Diving into the topic of faith-based organizations (another platform of Warren), Lane discusses the $2.1 billion dollars given to FBO’s by the federal government—under a program started by Bush—in 2005 alone. We already know our president named Jesus Christ the most influential political figure in his life, and that he declared creationist theory should be offered in schools as an “alternative idea” to evolution, obviously never recognizing that, as Daniel Dennett noted, most Americans do not realize that evolution is as scientifically valid as the fact that water is H20.
Lane wraps up the discussion with yet another pressing issue: stem cell research. (You bet Warren brought it up.) Lane makes an important distinction between moralism and science when pointing out that in the 17 years since in vitro fertilization clinics have opened, over 100,000 children have been born in the United States by this manner.

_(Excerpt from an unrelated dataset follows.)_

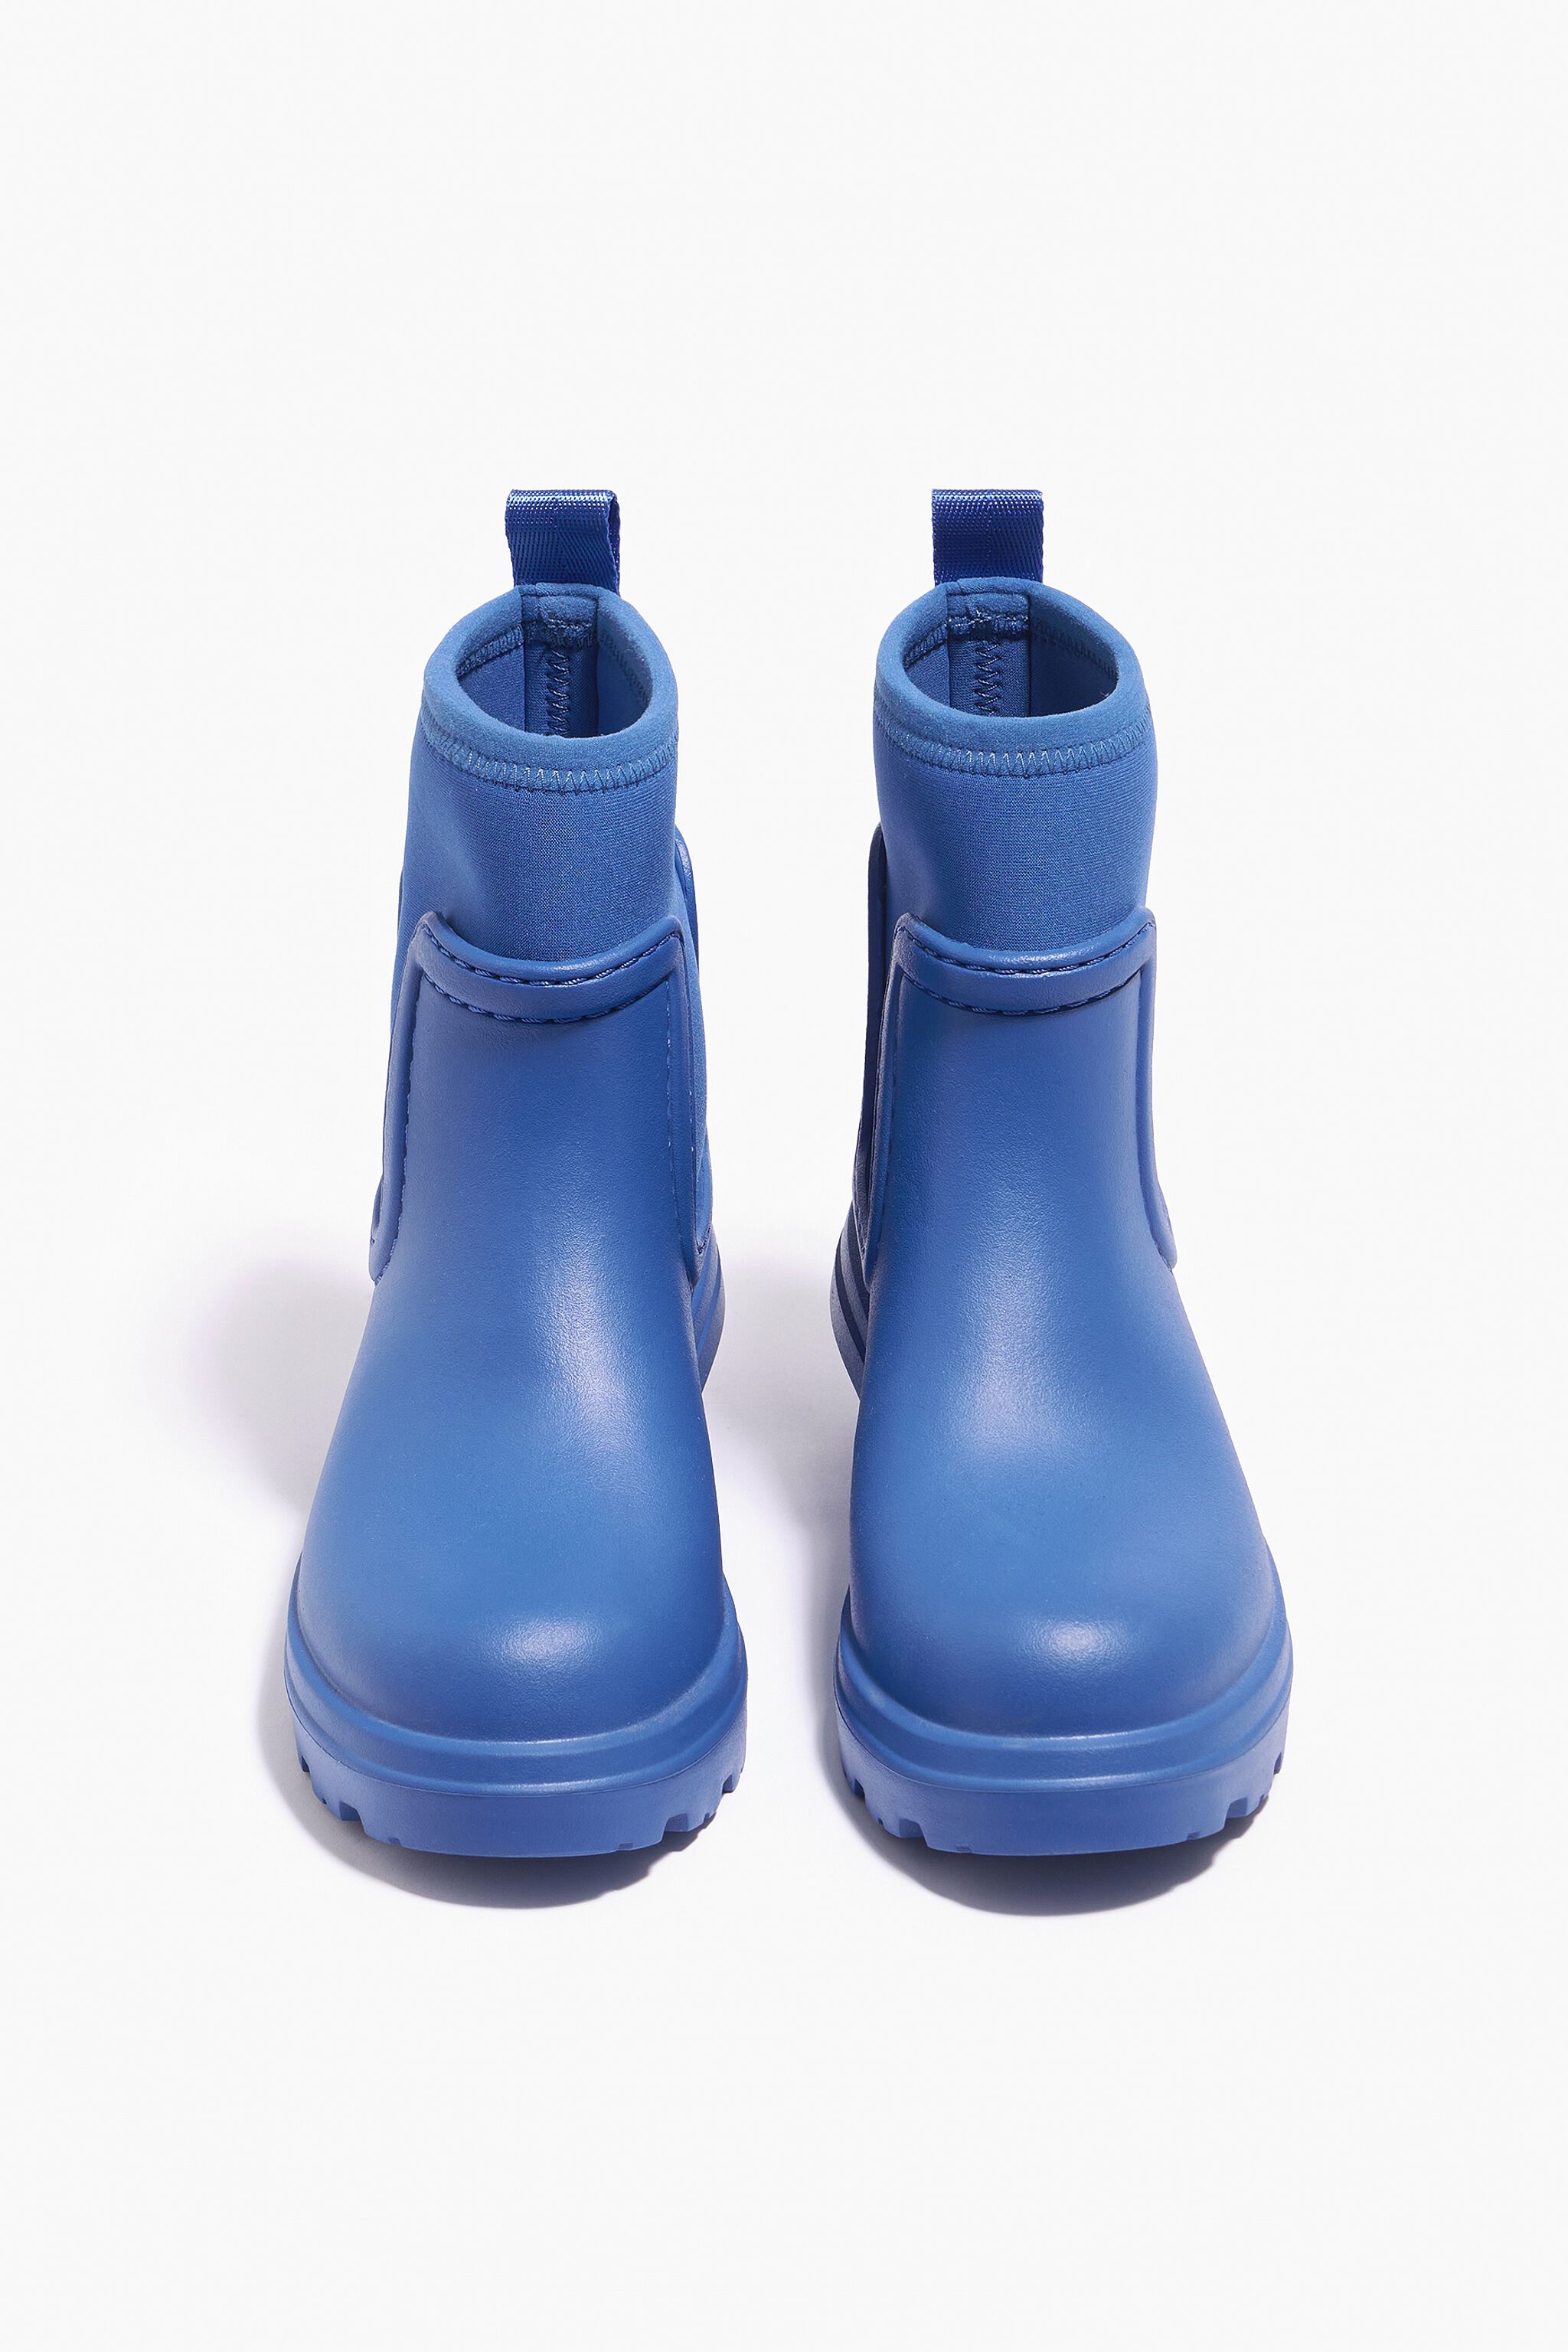 DAMEN Schuhe Waterproof Stiefel Bimba&Lola Schwarze Wasserstiefel mit grünen und blauen Bögen Schwarz/Blau/Grün 39 Rabatt 74 %

It was initially opposed. Stem cell research is undergoing the same vehement opposition, all based around the idea of abortion, with opponents again denying the potentiality of the technology due to a belief that life should not be tampered with. (It would be an interesting statistic to see how many opponents to these issues have had, say, plastic surgery.)
Needless to say, The Court and The Cross has arrived at an important juncture in our national history. It wouldn’t be an overstatement to say that Americans’ very identity of what they represent to the world may be decided over the next year. Lane is aware of this, and does his best to describe the dangers of letting fundamentalist religious thought influence what is supposed to be a democracy. My biggest hope is that he won’t only be screaming to the pulpit, and will reach a large segment of the population—not only those who already agree with his detailed observations.
We live in a moment in which Warren can declare that America is the “most blessed nation in the world” and few flinch their eyes (at least those who live here). Perhaps he had forgotten about the biblical warning of hubris, or failed to recognize that less than one in every three Americans even have passports, making that claim seem obvious to those who never leave.
No matter. I find no irony in the fact that both Obama and Lane ended their time with the Right in a similar manner. Obama, feeling the pressure of Warren to make some sort of firm Christian conviction, reminded the pastor of the importance of humility—something that, watching Warren’s reaction and quick sidestepping, wasn’t appreciated. Humility involves accepting the fact that you may be wrong, even admitting such when called for, and this is not on the agenda of the Right.
This closing sentiment from Lane’s book is a compelling enough snippet to make any citizen want to read the book in its entirety. In a convincing clincher he reminds us that “much of what the remarkable [Earl] Warren Court accomplished will be weakened or wiped out by a social and political movement that more than anything else wants to baptize the United States as a Christian nation and use the Bible as its primary source of legal authority. In the end, the goal of the Religious Right is nothing less than to bring this country to its knees.”